# 4th of July



## fishing0422 (Sep 11, 2007)

So, somehow I have been elected to make all the plans and arrangements for our 1st annual friends and family camping trip over the 4th of July. I have camped in many different places around the state and have suggested that with gas prices and what not we stay within 2 hours each way. We really wanted to head up the BCC but they wont allow our kid I mean dog up there. So, wise gents of the forum, where would you recommend that I take 2-3 families that is close enough to avoid a huge gas bill but still far enough away to be a get away. And the kicker and the reason why I am posting it in this forum, I don't have the boat yet but I really need a killer spot where the wife can MAYBE get into some fishes. 

Thanks in advance. 

P.S. Only 16 more posts to go!!


----------



## Nor-tah (Dec 16, 2007)

Ha ha nice! Where do you live so we can tell what is two hours away?


----------



## fishing0422 (Sep 11, 2007)

Are you trying to stalk me?!

My bad! I'm sorry, I'm nestled here in the SL valley in Murray.


----------



## rugerdogdog (Nov 18, 2007)

I'm thinking Deer Creek, I think they are still catching from the shore. Or Silver Flat Lake if you have vehicles and people comfortable with the long steep dirt road. Either place, or any place, within 2 hrs of SLC will be PACKED on the 4th though.


----------



## .45 (Sep 21, 2007)

Rockport has some pretty decent campgrounds...and, of course, shore fishing or boat fishing isn't too bad. 
Friday nights are kinda weird sometime's though....one campground will have big pallet fire's and loud 'drum' music, and people dancing like this.... /**|**\ /**|**\ /**|**\ 

All in all, it's not a place to camp !!


----------



## orvis1 (Sep 7, 2007)

East canyon might be a good option they have rv camping w/hookups, a state park campground, and yurts you can rent. I have also been reading reports of good fishing there as well. But you are likely to run into crowds with that short of a drive out of SLC.


----------



## fishing0422 (Sep 11, 2007)

Is there a number that I need to call to ensure reservations or should I just show up and see how it goes? Is there any good camping up at Strawberry? 

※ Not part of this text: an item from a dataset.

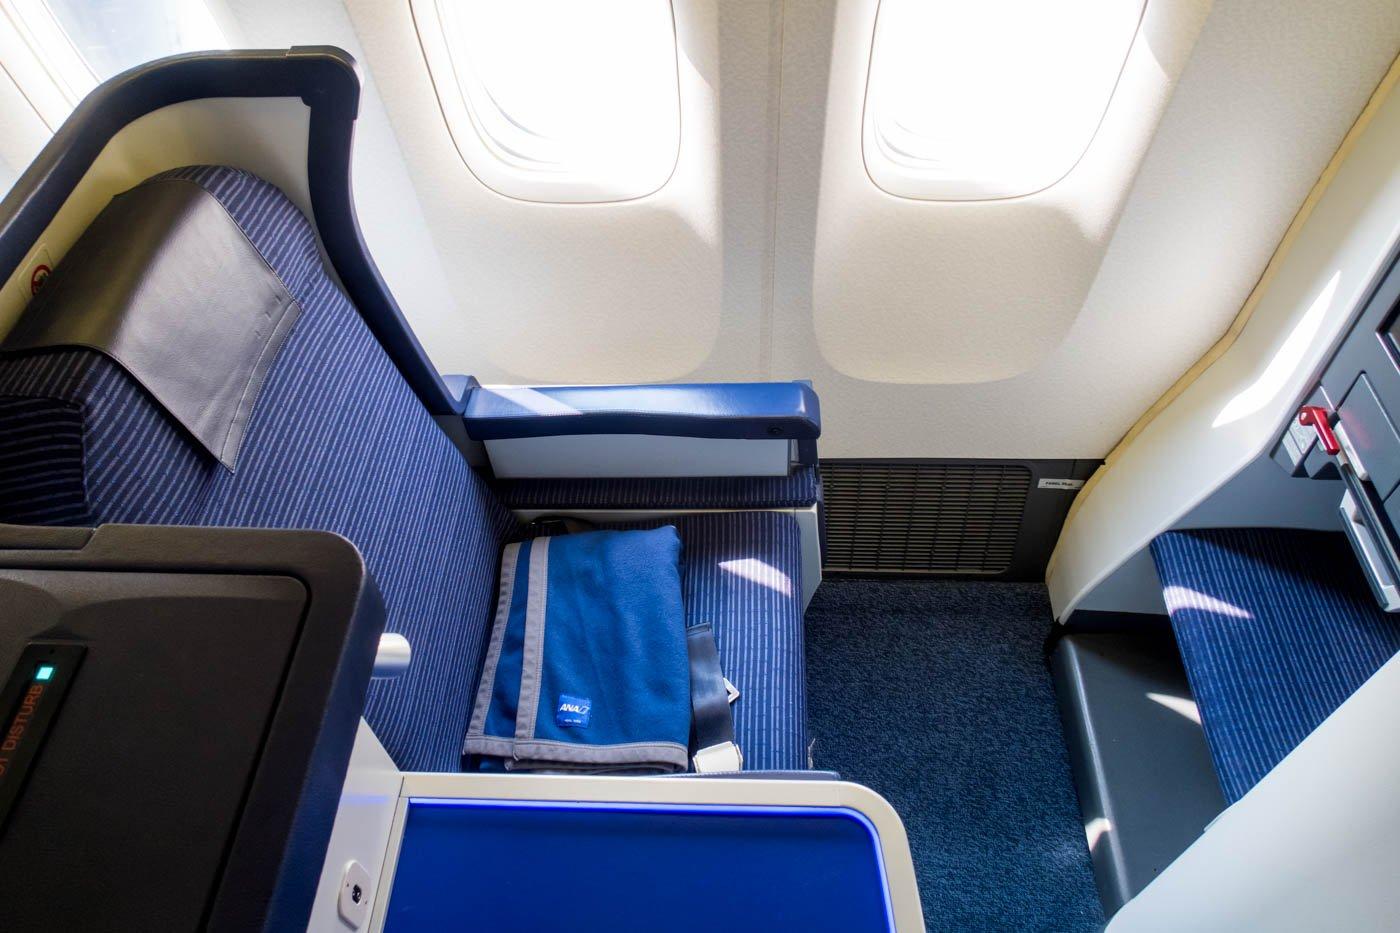 ANA 777-300ER Business Class Seat

Sorry if the questions seem lame but I am sure you guys will have the answers.


----------



## Nor-tah (Dec 16, 2007)

I have never been but a good option may be smith and morehouse. I know they have a cap on their camping so it cant be TOO busy. It is beautiful. I'm sure there are willing fish and I bet its about 1.5 from your house. Give em a call and see if they are open.


----------



## BROWN BAGGER (Sep 13, 2007)

how about causy res., or smithmorehouse.


----------



## .45 (Sep 21, 2007)

Here is a link to the Utah State Parks....

http://stateparks.utah.gov/

I don't believe you'll find a State Park at Strawberry, not sure about Smith & Moorehouse...I would be calling ASAP !!


----------



## schaueelab (Dec 30, 2007)

strawberry has lots of campgrounds.... it also has lots of "non-campsites" free of charge....that can fit big groups only thing is you have to take a short drive to the bathrooms.....but very worth it for the shade in the trees....


----------



## Grandpa D (Sep 7, 2007)

Mirror or Trial Lakes above Kamas are nice.
One thing to remember is that all camping grounds will be very busy on the holiday weekend.


----------



## Chaser (Sep 28, 2007)

I was going to say Smith and Morehouse also, but I bet the sites are all reserved.   
There are lots of areas up by the Berry to camp, but I would venture a guess at it being super busy up there.


----------



## metal_fish (Mar 19, 2008)

You could go to payson lakes and camp!
Just lots of peoples....


----------



## fishing0422 (Sep 11, 2007)

Everywhere is full just in case anyone was wondering. There are only walk ins available and I don't know how much I want to leave my weekend hanging in the balance but I guess thats what happens when you get things tossed on you last minute!

Best of luck to anyone else out there trying to camp over the 4th!


----------